Slashdot Mirror

← Back to Stories (view on slashdot.org)

Python is a Hit With Hackers, Report Finds (zdnet.com)

Posted by msmash on from the closer-look dept.

After breaking into the top three most popular programming languages for the first time this month, behind C and Java, Python has also won the hearts of hackers and web nasties, according to attack statistics published this week by web security biz Imperva. From a report: The company says more than a third of daily attacks against sites the company protects come from a malicious or legitimate tool coded in Python. Imperva says that around 77 percent of all the sites the company protects, have been attacked by at least one Python-based tool.

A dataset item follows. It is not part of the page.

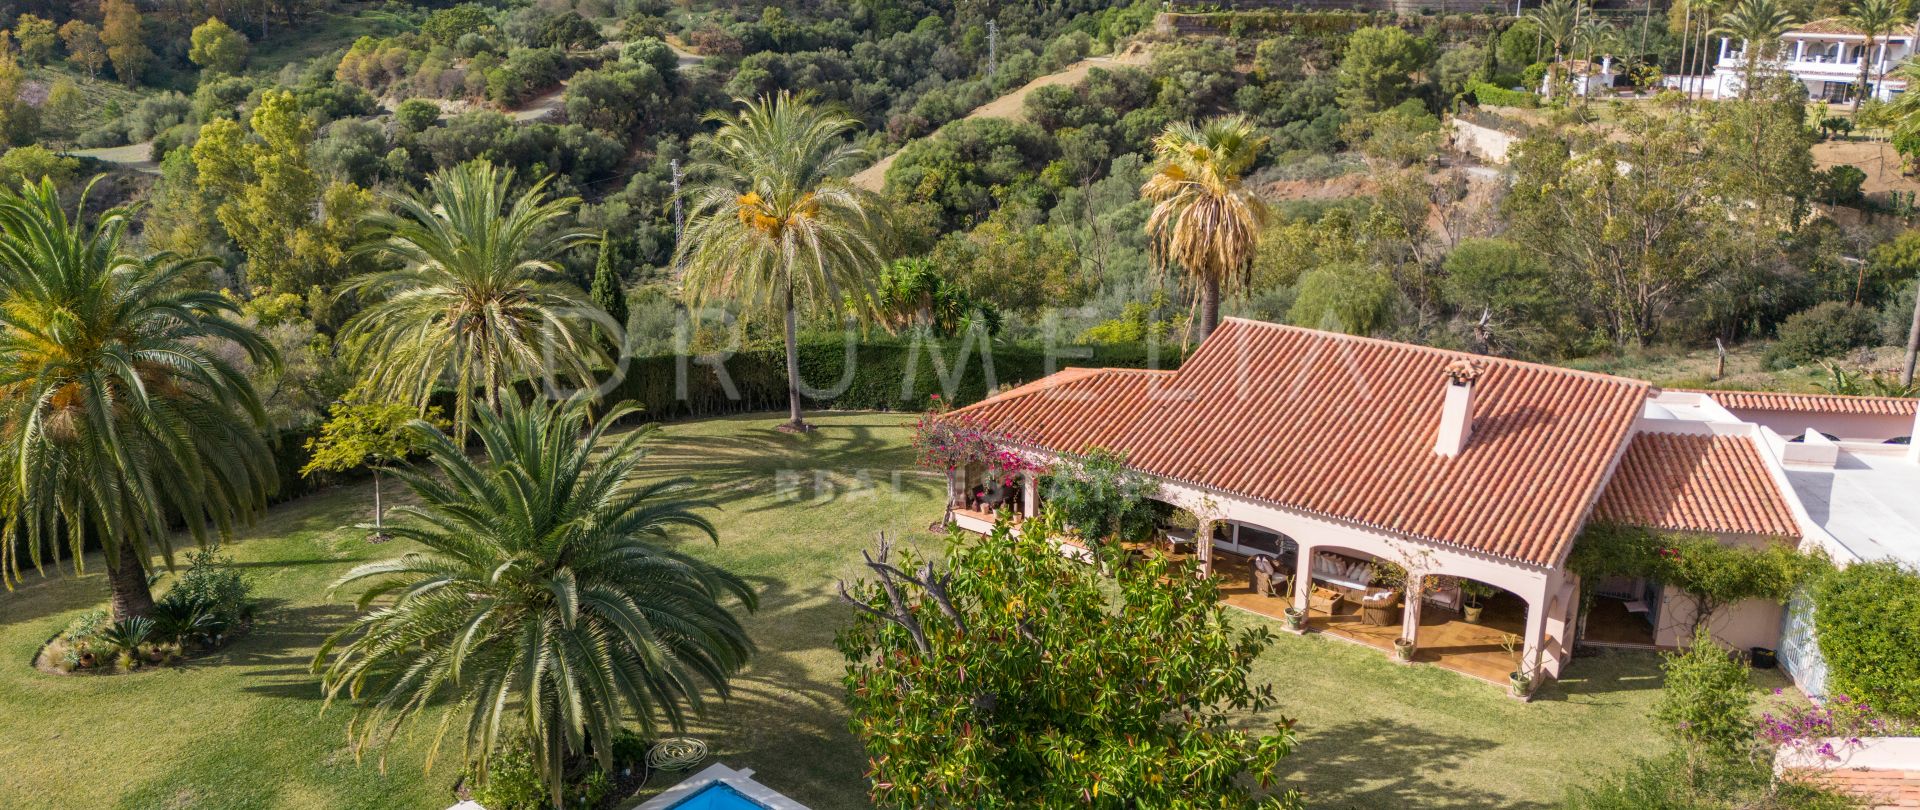 Villa pleine de charme andalou à vendre dans la belle Benahavis

Furthermore, when the company looked at the list of tools that hackers used for their attacks, more than a quarter were coded in Python, by far the attackers' favorite tool. "Hackers, like developers, enjoy Python's advantages which makes it a popular hacking tool," the Imperva team says.

31 of 72 comments (clear)

  1. update their CoC by Anonymous Coward · · Score: 1

    Obviously, Python needs to update their Code of Conduct to exclude the web nasties from using the language to create tools to attack systems.

  2. Python advantages? by 4wdloop · · Score: 1

    or simply popularity?

    --
    4wdloop
    1. Re:Python advantages? by Narcocide · · Score: 3, Insightful

      Yea that's sortof my take on this, too. It's got a lot less to do with Python's practical usefulness and a lot more to do with how trends get set in script kiddie communities.

    2. Re:Python advantages? by 0100010001010011 · · Score: 1

      Ecosystem.

    3. Re:Python advantages? by h33t+l4x0r · · Score: 2

      He's talking about scraping apparently. These aren't real attacks IMHO. If someone is after my data I would actually prefer that they use Python because at least it will take a while.

    4. Re:Python advantages? by ArchieBunker · · Score: 1

      It's hot now but so was Perl in the 1990s.

      --
      Only the State obtains its revenue by coercion. - Murray Rothbard
    5. Re:Python advantages? by LostMyBeaver · · Score: 1

      He calls himself Archie Bunker...

      1) Archie bunker was already dead in the 90's from an old age related thing
      2) Even if it was young Archie, do you really think something that could make something that looks like that could ever be hot?

      I hate how no one on this damn site thinks about these things!

    6. Re:Python advantages? by jellomizer · · Score: 1

      And a large collection of solid libraries.
      Language written to be easy to code and read.
      Low barrier to begin a program.
      Cross platform.
      Support is easy to get.

      --
      If something is so important that you feel the need to post it on the internet... It probably isn't that important.
  3. Why Python? by hparker · · Score: 1

    Python: The tool to use when you want to get things done fast.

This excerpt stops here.